Typical examples include:

- technical terminology,
- biomedical language,
- legal or financial vocabulary,
- organization-specific product and process names,
- language resources maintained in native scripts.

## Production recommendation

For production systems, the most robust workflow is usually:

1. start from a bundled dictionary when it is suitable,
2. extend it with domain-specific forms if needed,
3. compile or rebuild it into a binary `.radixor.gz` artifact,
4. deploy that compiled artifact,
5. load it at runtime using `loadBinary(...)`.

This avoids repeated startup parsing and makes the deployed stemming behavior explicit and versionable.

## Example refinement workflow

```java
import java.io.IOException;
import java.nio.file.Path;

import org.egothor.stemmer.FrequencyTrie;
import org.egothor.stemmer.FrequencyTrieBuilders;
import org.egothor.stemmer.ReductionMode;
import org.egothor.stemmer.ReductionSettings;
import org.egothor.stemmer.StemmerPatchTrieBinaryIO;
import org.egothor.stemmer.StemmerPatchTrieLoader;

public final class BundledRefinementExample {

    private BundledRefinementExample() {
        throw new AssertionError("No instances.");
    }

    public static void main(final String[] arguments) throws IOException {
        final FrequencyTrie<String> base = StemmerPatchTrieLoader.load(
                StemmerPatchTrieLoader.Language.US_UK_PROFI,
                true,
                ReductionMode.MERGE_SUBTREES_WITH_EQUIVALENT_RANKED_GET_ALL_RESULTS);

        final FrequencyTrie.Builder<String> builder = FrequencyTrieBuilders.copyOf(
                base,
                String[]::new,
                ReductionSettings.withDefaults(
                        ReductionMode.MERGE_SUBTREES_WITH_EQUIVALENT_RANKED_GET_ALL_RESULTS));

        builder.put("microservices", "Na");

        final FrequencyTrie<String> compiled = builder.build();

        StemmerPatchTrieBinaryIO.write(compiled, Path.of("english-custom.radixor.gz"));
    }
}
```

## Extending language support

The built-in set is intentionally a practical baseline rather than a closed catalog. High-quality dictionaries for additional languages, improved language coverage, and stronger native-script resources are all natural extension paths for the project.

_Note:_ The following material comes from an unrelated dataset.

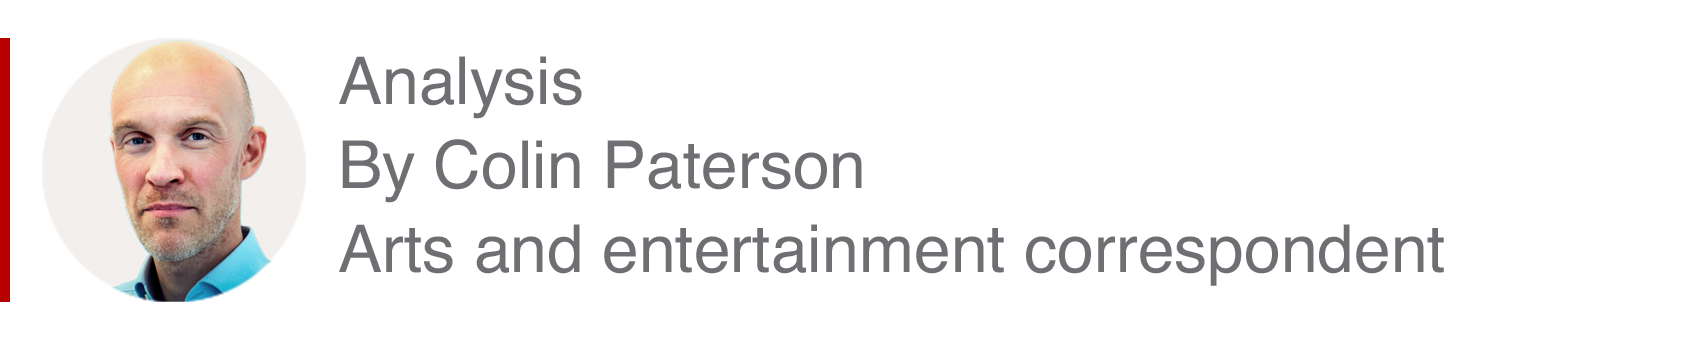 Analysis box by Colin Paterson, arts and entertainment correspondent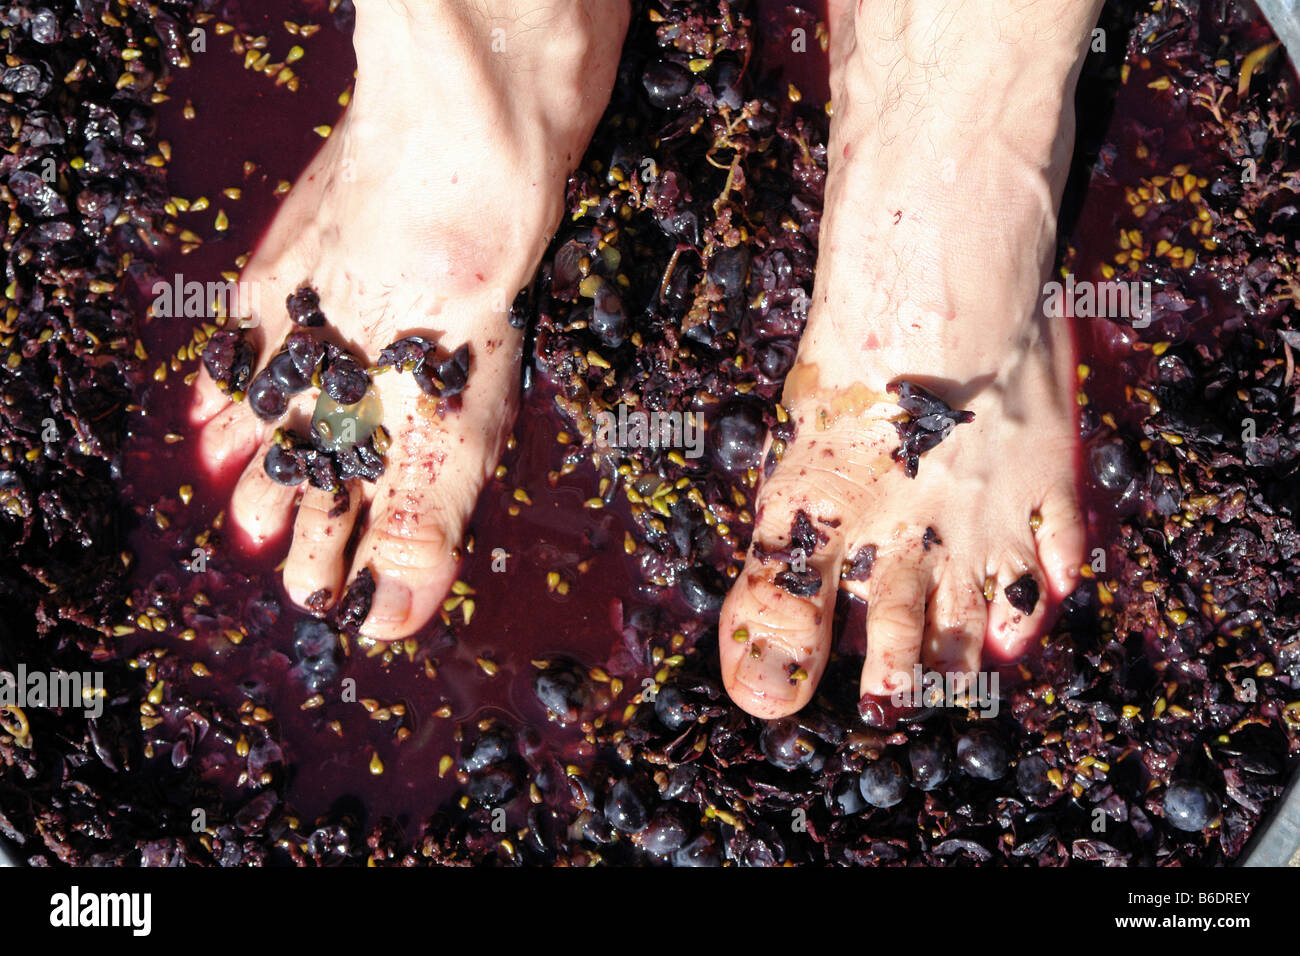 Feet of a Man Stomping Squeezing Red Purple Grapes in the Traditional Wine Making Process Copy Space Stock Photo

What matters most is not only the number of entries, but the quality, consistency, and operational usefulness of the lexical resource being added.

## Next steps

- [Quick start](quick-start.md)
- [Dictionary format](dictionary-format.md)
- [CLI compilation](cli-compilation.md)
- [Programmatic usage](programmatic-usage.md)

## Summary

Radixor’s built-in language support provides immediate usability, practical default dictionaries, and a strong starting point for custom refinement. The current bundled resources follow a pragmatic normalization convention, while the underlying architecture remains well suited to richer language resources and future extensions.